Benchmarks
Every number below is real and reproducible. No marketing math.
57.3%cost reduction vs direct API
30.0%Booster hit rate (zero LLM cost)
35.0%Cache hit rate (2nd pass)
0.02msaverage pipeline overhead
Setup
- Dataset: 400 prompts, 200 unique × 2 passes. Mix of boostable (math/JSON/dates), cacheable (repeats), and regular LLM workloads.

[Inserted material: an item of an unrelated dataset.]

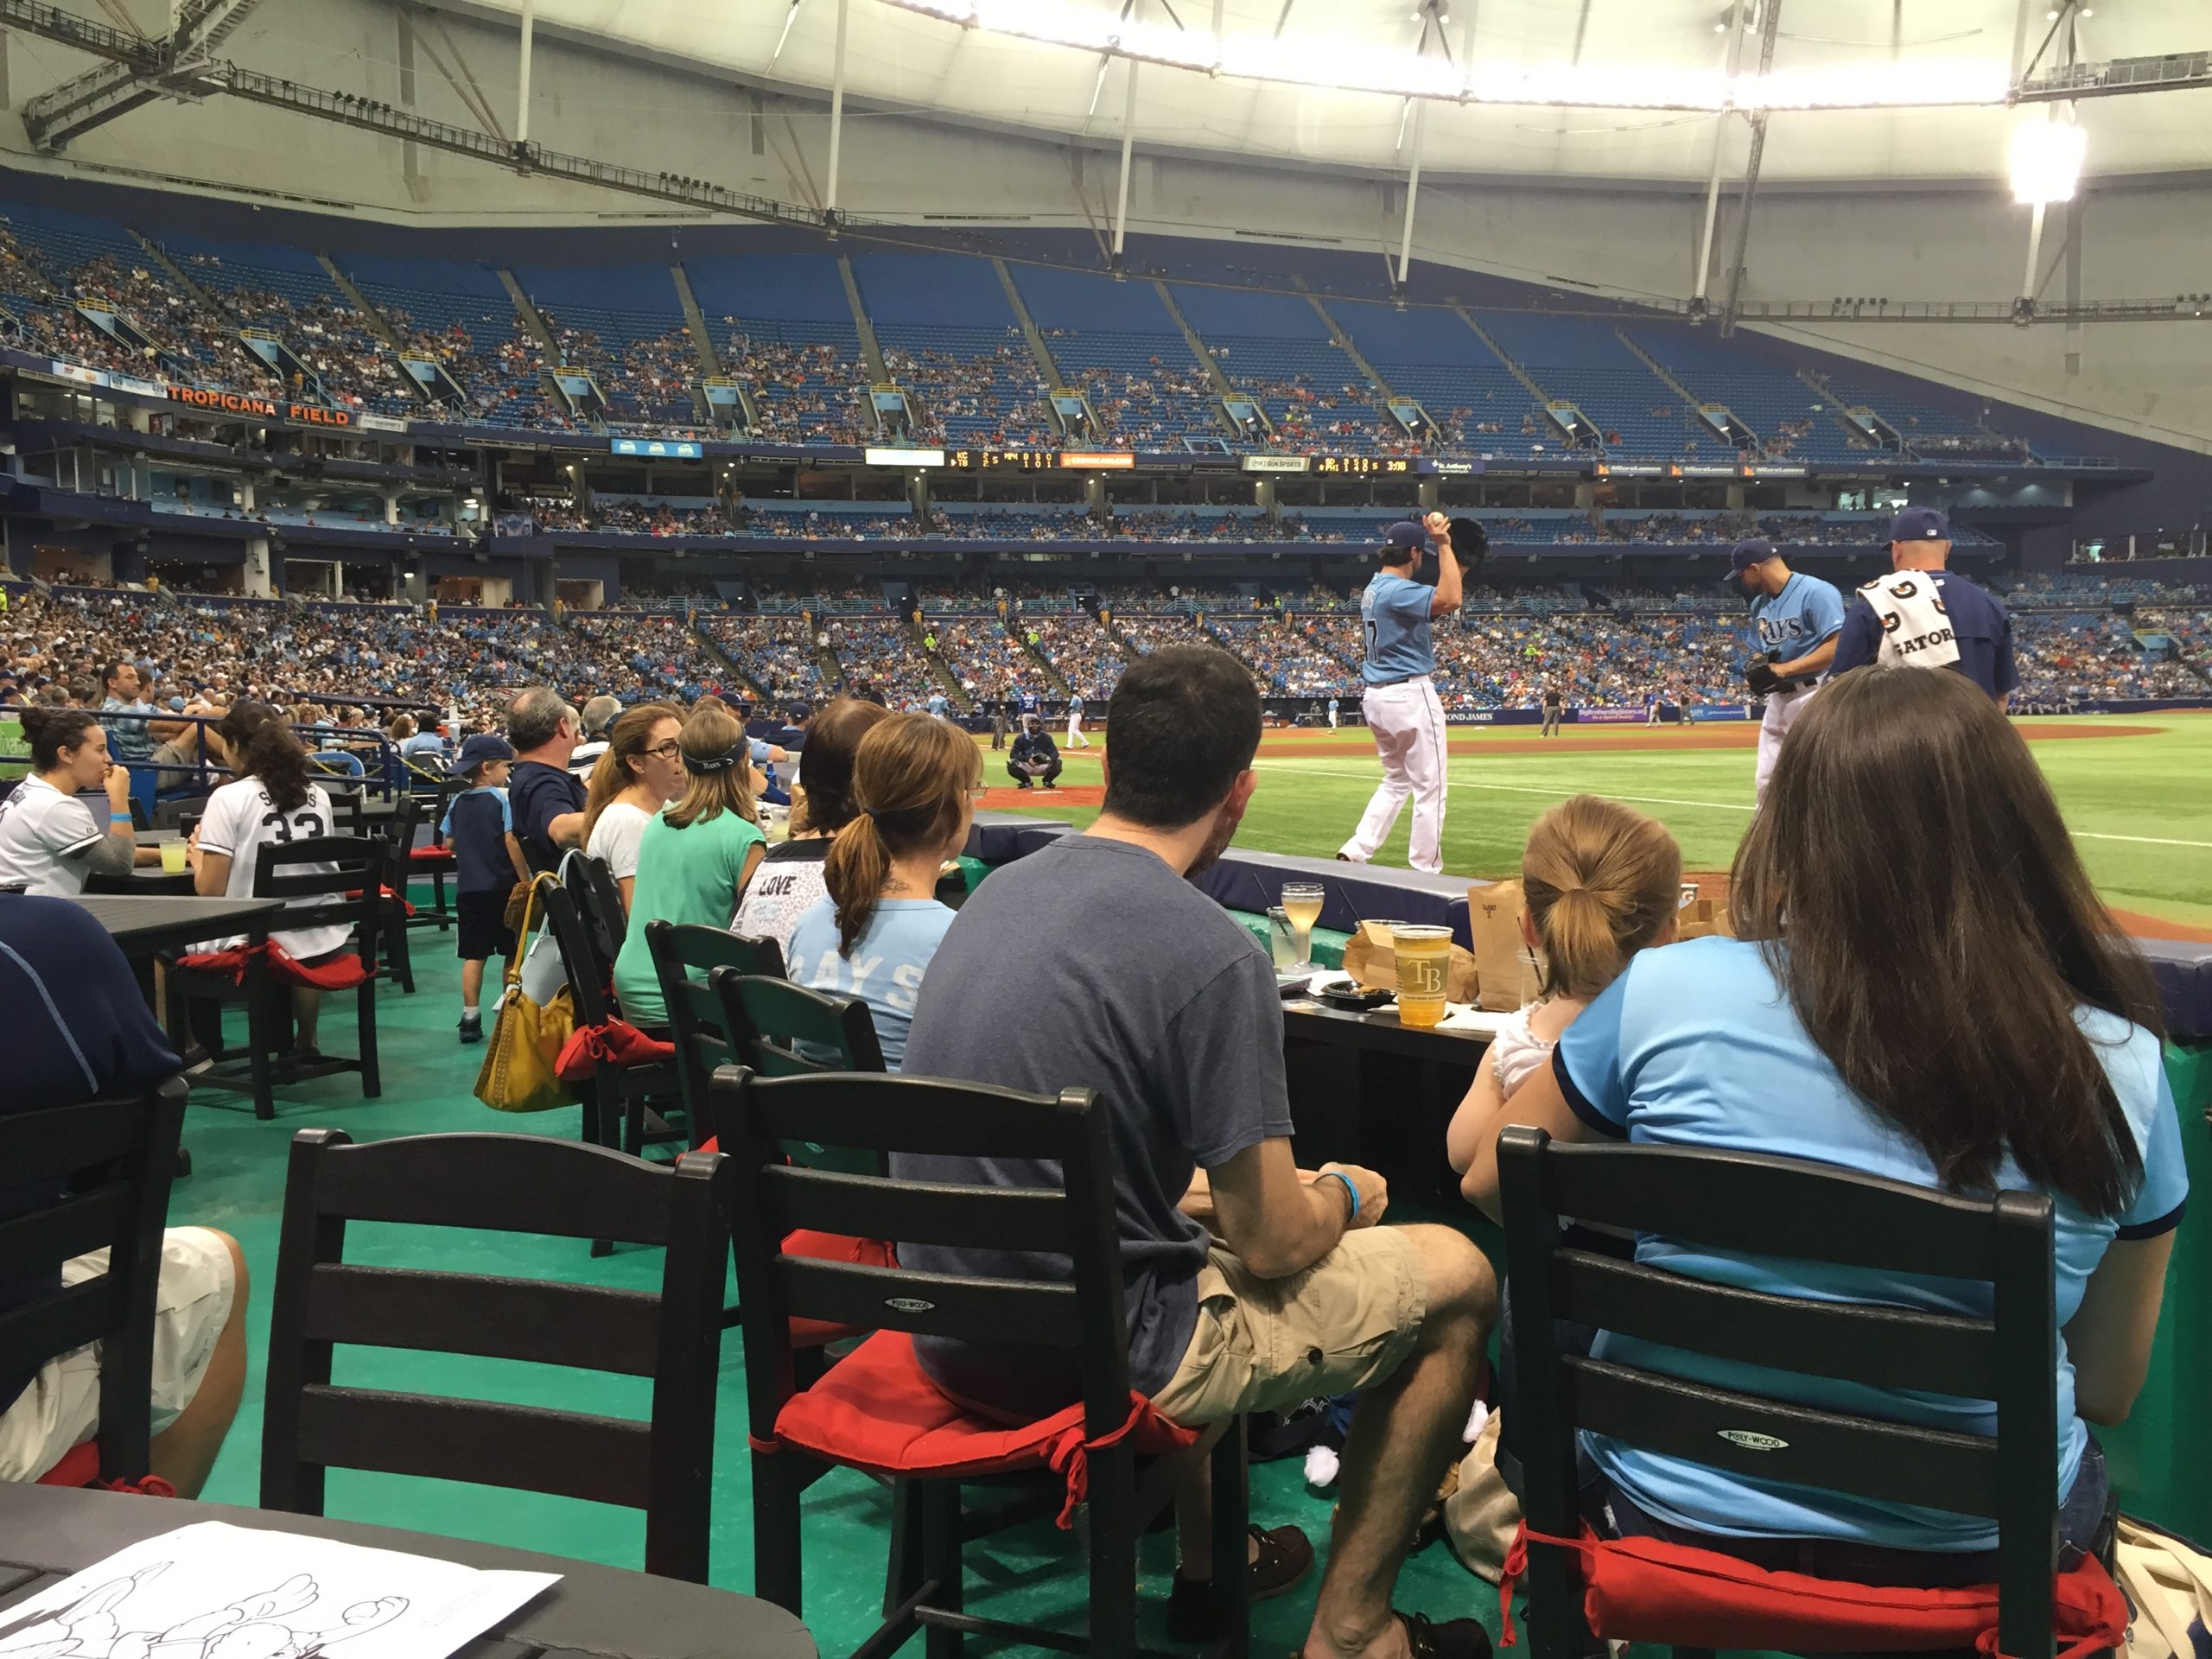 The James Hoyer whistleblower law firm take in a Tampa Bay Rays game.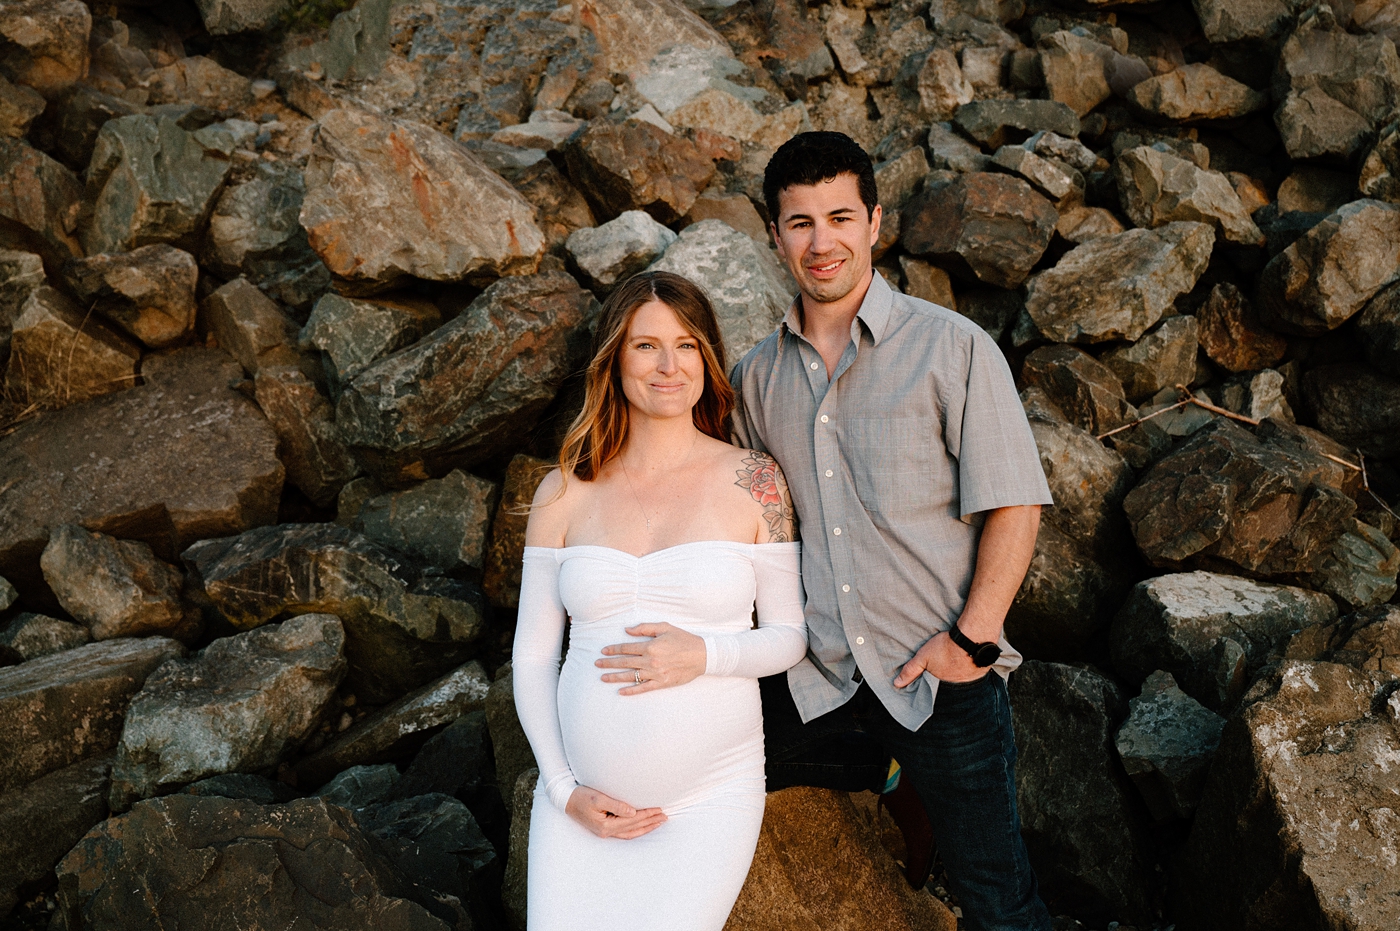 Mom & Dad stand in front of rock birm during maternity session. Image by PNW maternity photographer Meg Newton.

- Gateway: mocked at realistic provider latency (~1200ms p50).
- Hardware: single Node.js 20 process, M-series laptop.
- Date: 2026-04-09.
Cost comparison on the 400-prompt run
| Scenario | Cost |
|---|---|
| Direct API (no ClawPipe) | $0.110 |
| With ClawPipe pipeline | $0.047 |
| Savings | $0.063 (57.3%) |
Stage latency breakdown
| Stage | Avg time |
|---|---|
| Booster | 0.0125ms |
| Packer | 0.0053ms |
| Cache | 0.0001ms |
| Router | 0.0040ms |
| Gateway (mocked provider) | 1206.6705ms |
Pipeline overhead is 0.0218ms — five orders of magnitude below the provider call itself.
Reproduce it yourself
git clone https://github.com/finsavvyai/clawpipe cd clawpipe/benchmarks npm install npx tsx real-benchmark.ts open results/summary.md
The dataset (benchmarks/prompt-dataset.json), runner (real-benchmark.ts), and raw results (results/benchmark-results.json) are all in the repo. Fork it, swap in your own prompts, run it on your traffic.
What the numbers mean for your app
- If 30% of your agent traffic is boostable (math, JSON formatting, date math, base64, stats), that portion pays $0 in LLM tokens.
- If your app sees repeat prompts (common in chatbots, form-filling agents, support tools), semantic cache adds another 20–35% hit rate on top.
- The router keeps picking cheaper models for eligible tasks and re-weighting as outcomes arrive.